Earlier, on January 9, the Directorate General of Safeguards had recommended a provisional safeguard duty of 70 per cent applicable for the following 200 days, but it was withdrawn in May. That was before the crash in cell (and therefore) module prices. And now, the recommended duty is 25 per cent. The general refrain among manufacturers is that the duty is not going to protect the domestic industry.

Sujoy Ghosh, Country Head, First Solar, a US-headquartered solar panel manufacturer that has facilities in Malaysia, points out that “there are pass through provisions in the recent PPAs on the duty impact”. This means that the rise in cost due to any duty can be passed on to the buyer — therefore, it is not going to stop the energy company from importing.

“Domestic cell manufacturers anyway have to import wafers. If Indian cell manufacturers are given safeguard duty protection, wafer suppliers might increase the prices,” Ghosh says.
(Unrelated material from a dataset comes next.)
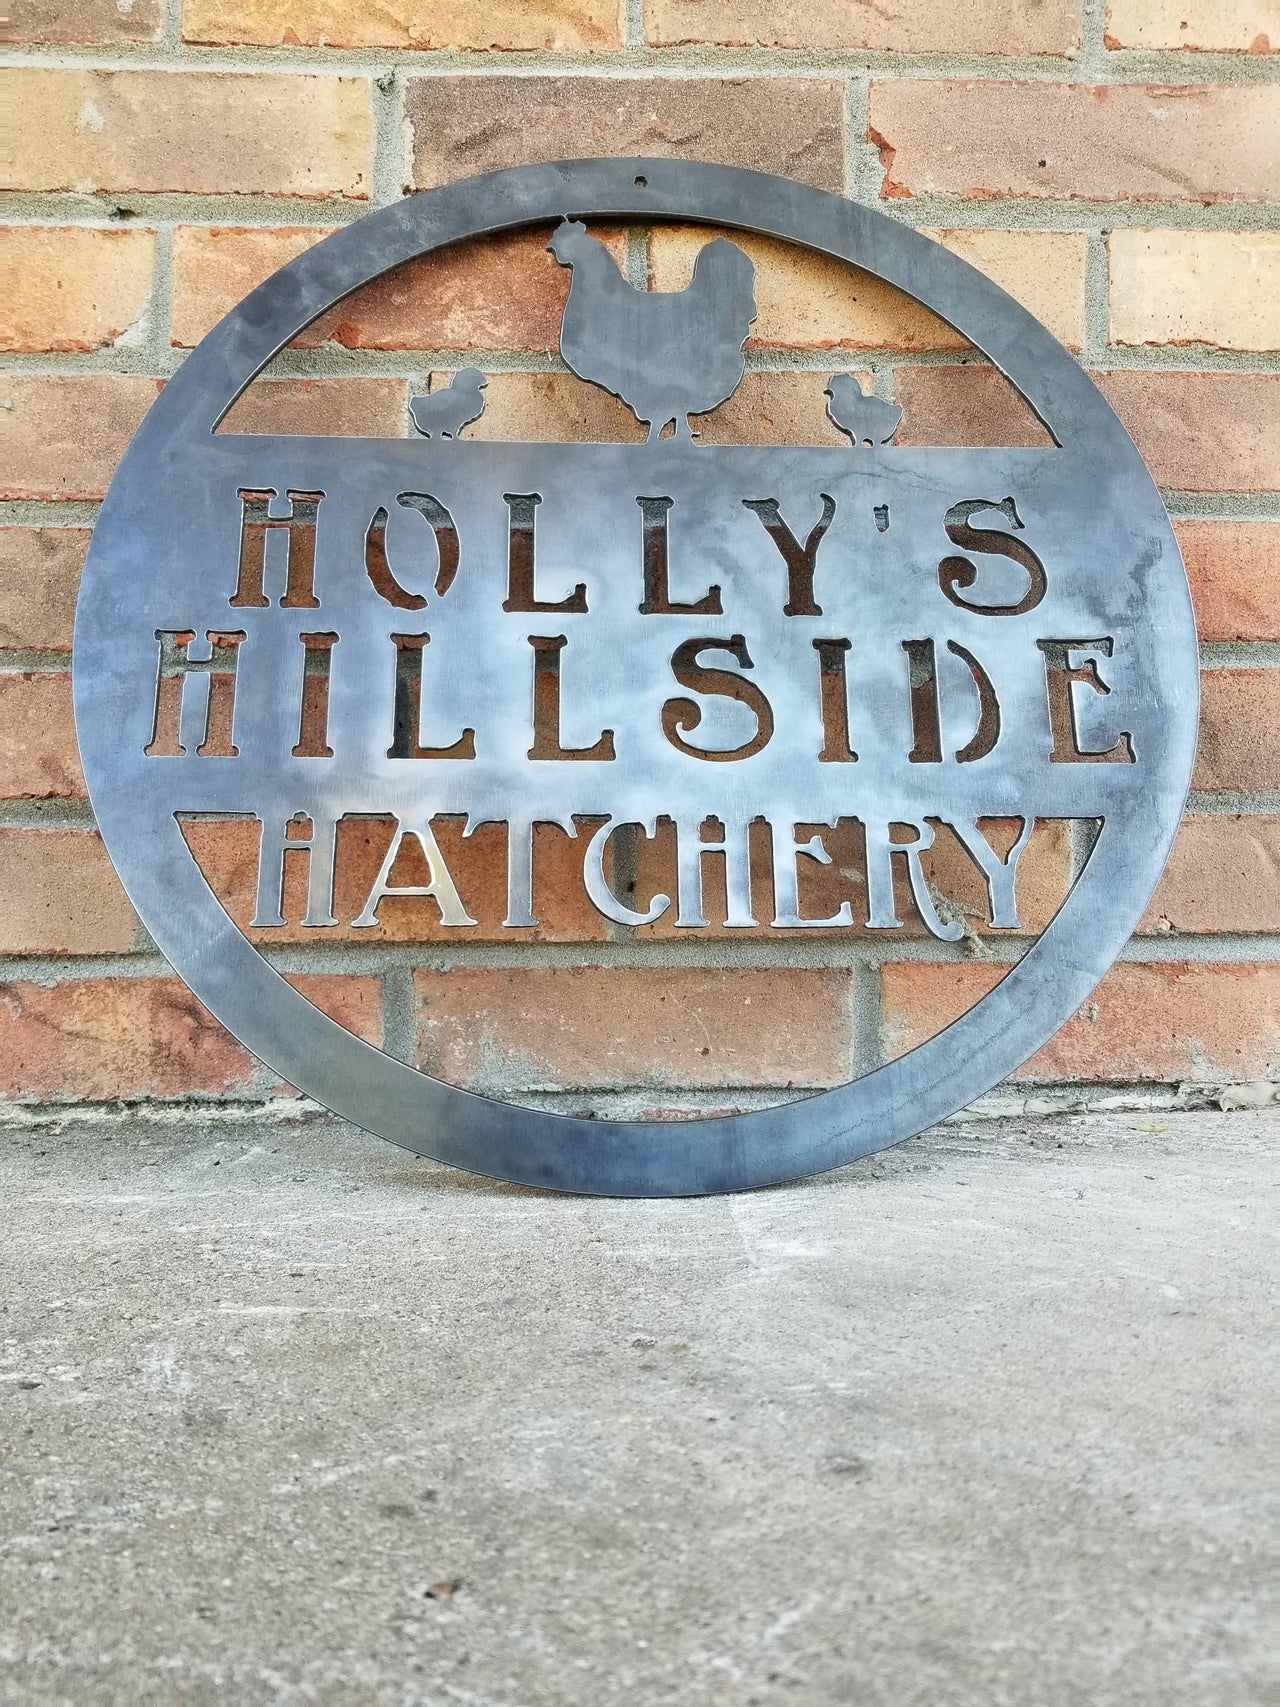 This metal sign is personalized and has the image of a chicken and two chicks at the top. The sign reads, "Holly's Hillside Hatchery".

Inasmuch as the duty will imply a rise in solar tariffs, the energy companies are not happy, because any rise in tariffs will make solar less attractive to the buyer of the power, mainly the state-owned electricity distribution companies.

“Eventually, no one would benefit from this order if the demand shrinks, contrary to the recommendation being in public interest,” says Ghosh. He says that if the government wants to encourage domestic manufacturing, it could consider giving tax breaks and cheaper capital for attract investments.